- _Aim of the task_:
Output the records, every one, exactly as given.

---------- Extracted records ----------

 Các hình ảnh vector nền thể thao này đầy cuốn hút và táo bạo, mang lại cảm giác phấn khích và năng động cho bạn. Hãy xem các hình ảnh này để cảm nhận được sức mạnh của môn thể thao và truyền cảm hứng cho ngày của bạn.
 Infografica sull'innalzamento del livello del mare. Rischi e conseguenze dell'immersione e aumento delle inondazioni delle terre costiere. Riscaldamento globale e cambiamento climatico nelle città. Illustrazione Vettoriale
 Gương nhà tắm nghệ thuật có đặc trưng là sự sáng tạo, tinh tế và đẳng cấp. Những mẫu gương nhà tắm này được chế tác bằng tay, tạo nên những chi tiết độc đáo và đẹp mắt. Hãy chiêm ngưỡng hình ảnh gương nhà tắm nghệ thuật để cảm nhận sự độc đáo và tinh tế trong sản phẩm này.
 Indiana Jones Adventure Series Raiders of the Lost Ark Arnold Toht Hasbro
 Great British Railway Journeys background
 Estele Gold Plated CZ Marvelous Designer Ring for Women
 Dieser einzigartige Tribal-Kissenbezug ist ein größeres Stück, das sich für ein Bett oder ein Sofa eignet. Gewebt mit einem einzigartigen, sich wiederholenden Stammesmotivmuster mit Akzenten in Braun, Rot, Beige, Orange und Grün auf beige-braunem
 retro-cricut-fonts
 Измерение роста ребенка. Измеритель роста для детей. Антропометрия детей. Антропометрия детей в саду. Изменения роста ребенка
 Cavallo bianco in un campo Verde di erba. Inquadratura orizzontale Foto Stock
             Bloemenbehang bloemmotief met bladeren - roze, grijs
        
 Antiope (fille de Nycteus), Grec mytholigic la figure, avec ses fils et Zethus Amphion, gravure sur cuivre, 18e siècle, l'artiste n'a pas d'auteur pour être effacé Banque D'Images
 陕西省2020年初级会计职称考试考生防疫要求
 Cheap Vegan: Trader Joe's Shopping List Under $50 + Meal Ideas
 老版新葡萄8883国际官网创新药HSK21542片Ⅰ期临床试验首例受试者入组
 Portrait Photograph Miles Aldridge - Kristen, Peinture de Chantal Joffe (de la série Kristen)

----------

- _Written reply_:
 Các hình ảnh vector nền thể thao này đầy cuốn hút và táo bạo, mang lại cảm giác phấn khích và năng động cho bạn. Hãy xem các hình ảnh này để cảm nhận được sức mạnh của môn thể thao và truyền cảm hứng cho ngày của bạn.
 Infografica sull'innalzamento del livello del mare. Rischi e conseguenze dell'immersione e aumento delle inondazioni delle terre costiere. Riscaldamento globale e cambiamento climatico nelle città. Illustrazione Vettoriale
 Gương nhà tắm nghệ thuật có đặc trưng là sự sáng tạo, tinh tế và đẳng cấp. Những mẫu gương nhà tắm này được chế tác bằng tay, tạo nên những chi tiết độc đáo và đẹp mắt. Hãy chiêm ngưỡng hình ảnh gương nhà tắm nghệ thuật để cảm nhận sự độc đáo và tinh tế trong sản phẩm này.
 Indiana Jones Adventure Series Raiders of the Lost Ark Arnold Toht Hasbro
 Great British Railway Journeys background
 Estele Gold Plated CZ Marvelous Designer Ring for Women
 Dieser einzigartige Tribal-Kissenbezug ist ein größeres Stück, das sich für ein Bett oder ein Sofa eignet. Gewebt mit einem einzigartigen, sich wiederholenden Stammesmotivmuster mit Akzenten in Braun, Rot, Beige, Orange und Grün auf beige-braunem
 retro-cricut-fonts
 Измерение роста ребенка. Измеритель роста для детей. Антропометрия детей. Антропометрия детей в саду. Изменения роста ребенка
 Cavallo bianco in un campo Verde di erba. Inquadratura orizzontale Foto Stock
             Bloemenbehang bloemmotief met bladeren - roze, grijs
        
 Antiope (fille de Nycteus), Grec mytholigic la figure, avec ses fils et Zethus Amphion, gravure sur cuivre, 18e siècle, l'artiste n'a pas d'auteur pour être effacé Banque D'Images
 陕西省2020年初级会计职称考试考生防疫要求
 Cheap Vegan: Trader Joe's Shopping List Under $50 + Meal Ideas
 老版新葡萄8883国际官网创新药HSK21542片Ⅰ期临床试验首例受试者入组
 Portrait Photograph Miles Aldridge - Kristen, Peinture de Chantal Joffe (de la série Kristen)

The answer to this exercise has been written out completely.